Why do these channels have to be public? This seems like an internal thing.

Copy link
Contributor

Choose a reason for hiding this comment

The reason will be displayed to describe this comment to others. Learn more.

Can you add some godoc to explain what these struct members are for? The name Get is not very enlightening to me.

@wvanbergen
Copy link
Contributor

@eapache thoughts?

@eapache
Copy link
Contributor

eapache commented Nov 5, 2014

I'm not sure I like this approach in general. To quote old me in #15 "connecting to all the brokers just to pick one and drop the others is gross". It's also inefficient, and could cause issues on clusters with a large number of brokers. Originally in that issue I'd suggested that we should wait a small amount before trying the next broker, but I now think that's basically over-complicated. The much better solution to achieve that behaviour is just to reduce the connect timeout on the brokers to something reasonable for LANs (if it takes more than 2 seconds to connect over a LAN, something is probably wrong).

@crxpandion why did you decide to implement this? What problem precisely were you trying to solve?

@crxpandion
Copy link
Author

@eapache - I started on this path when testing sarama's ability to weather broker failures. I noticed that even with smaller timeouts, as you suggest, the metadata refresh can take a long time, particularly in large clusters. That delay is not only frustrating when running lots of integration type tests, but could be detrimental in a production system.

As for the inefficiency - I can see how its not computationally efficient but there it seems we should mainly be concerned with getting the cluster metadata quickly, so that the user of this library can get on with their computation. The problems with large cluster (20-100s) could be solved by throttling the number of outbound attempts.

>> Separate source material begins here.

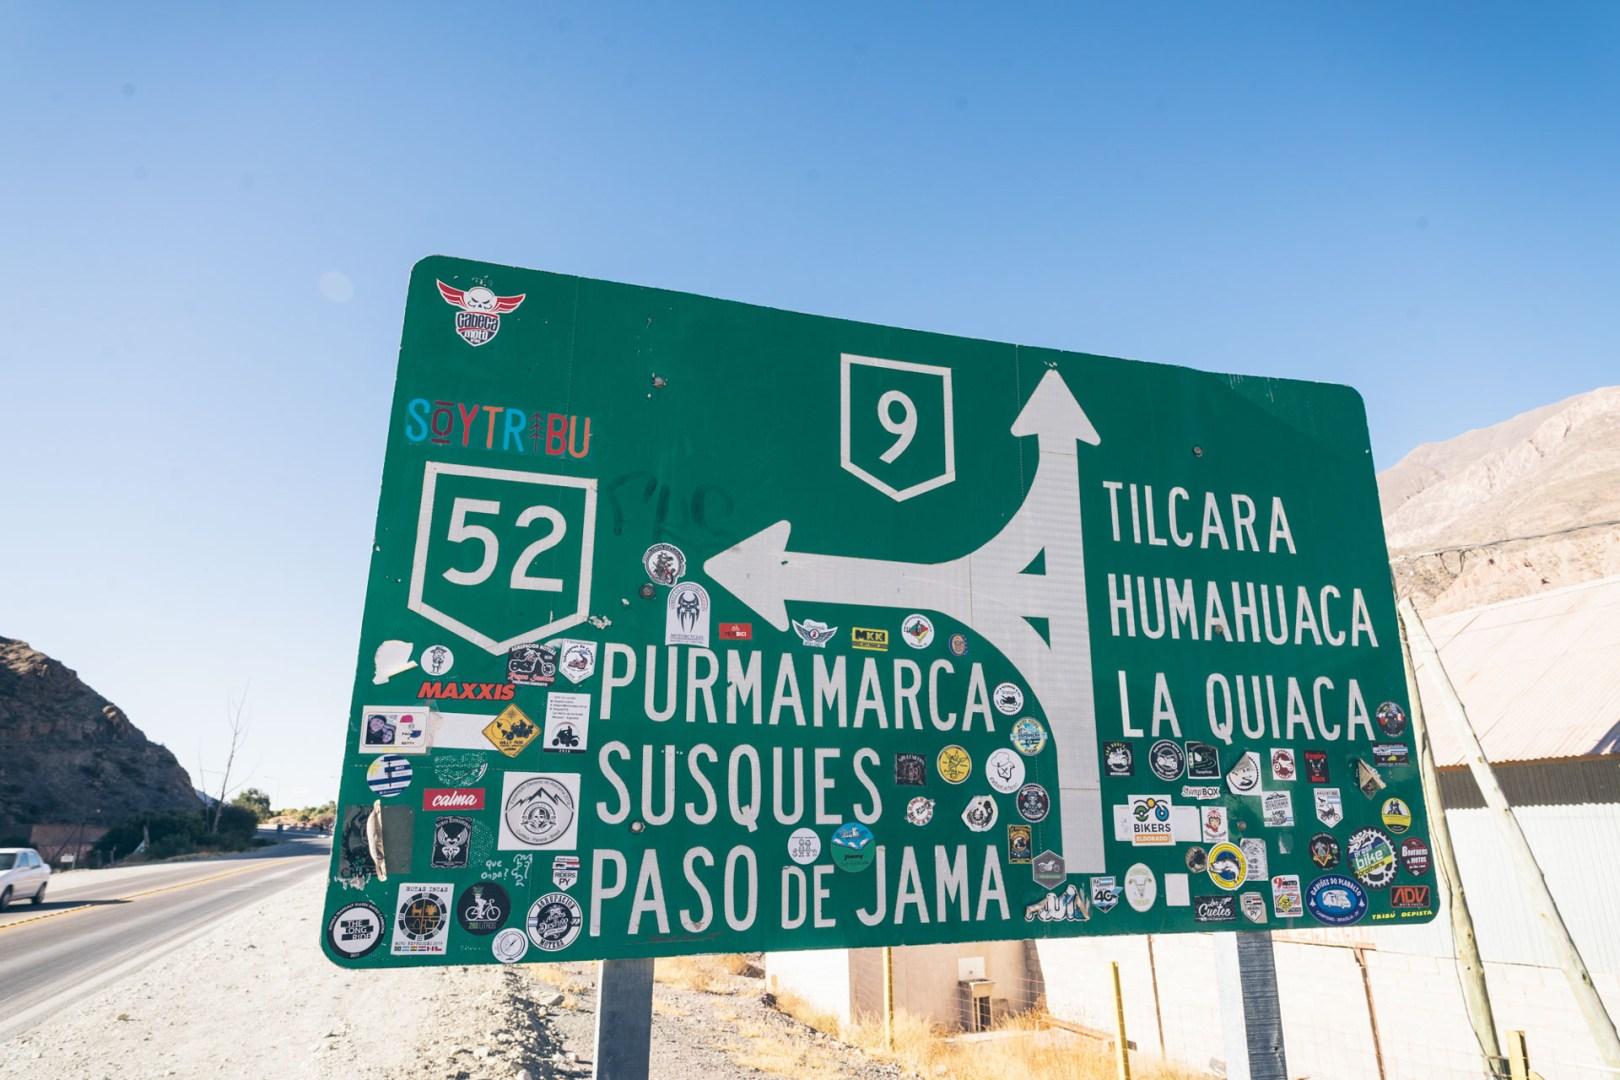 On arrive à Purmamarca

Overall I think that abstracting the approach to fetching metadata (regardless of strategy) from the refreshMetadata function, which mainly contains retry logic, serves a lot to make this section of code not as gross.

Anyways I appreciate the feedback.

@wvanbergen re the function_test heisenbug. I think there are at least two modes of failure that i see locally: the one that is easy to diagnose is one that is the result of OOM killers in the vm (I am not sure on how travis ci works so this might not be the issue we saw above) and judging from recent commits it seems you guys are aware of that one. An alternate approach that might make the memory increase more reliable would be to reduce the number of brokers to 3.

Judging from stack traces taken when metadata is refreshed, I think there is at least one other failure mode besides the OOM killer, but I haven't been able to isolate it yet - I might have time later this week to look into it again later this week if you guys want.

@eapache
Copy link
Contributor

eapache commented Nov 6, 2014

OK, so I'm not opposed to the general concept of trying multiple brokers concurrently for metadata, but:

  • we want to avoid overkill in the common case (where the first broker responds quickly)
  • Sarama is used in very large deployments (thousands of clients connecting to a reasonably-large cluster); the current approach is likely to DDoS the cluster (and/or zookeeper) in that case by generating (#clients * #brokers) metadata requests simultaneously when a broker fails over
  • there are probably smaller deployments where "try all the brokers right away" is the best approach

Given the above, here are a few suggestions:

  • the fanout timing and growth pattern should be configurable so that users can tune it appropriately for their use case
  • the default should not be too aggressive; perhaps linearly try another broker every 500ms?

@crxpandion
Copy link
Author

Sure both of those suggestions make sense - I'll work to amend my patch. I am coming down with a cold so it might take me a few days. :(

I feel that the "thundering horde" problem is often solved by random jitter in delay before attempting refresh. What are you thoughts on this strategy? Obviously we'd want to use it in conjunction with fanout throttling.

@eapache
Copy link
Contributor

eapache commented Nov 7, 2014

I don't have a problem with jitter to avoid thundering horde - I'm not sure it's necessary for the first connection of a refresh (clusters should be OK as long as each client makes only one request, not n requests), but it may be worth adding as fanout occurs.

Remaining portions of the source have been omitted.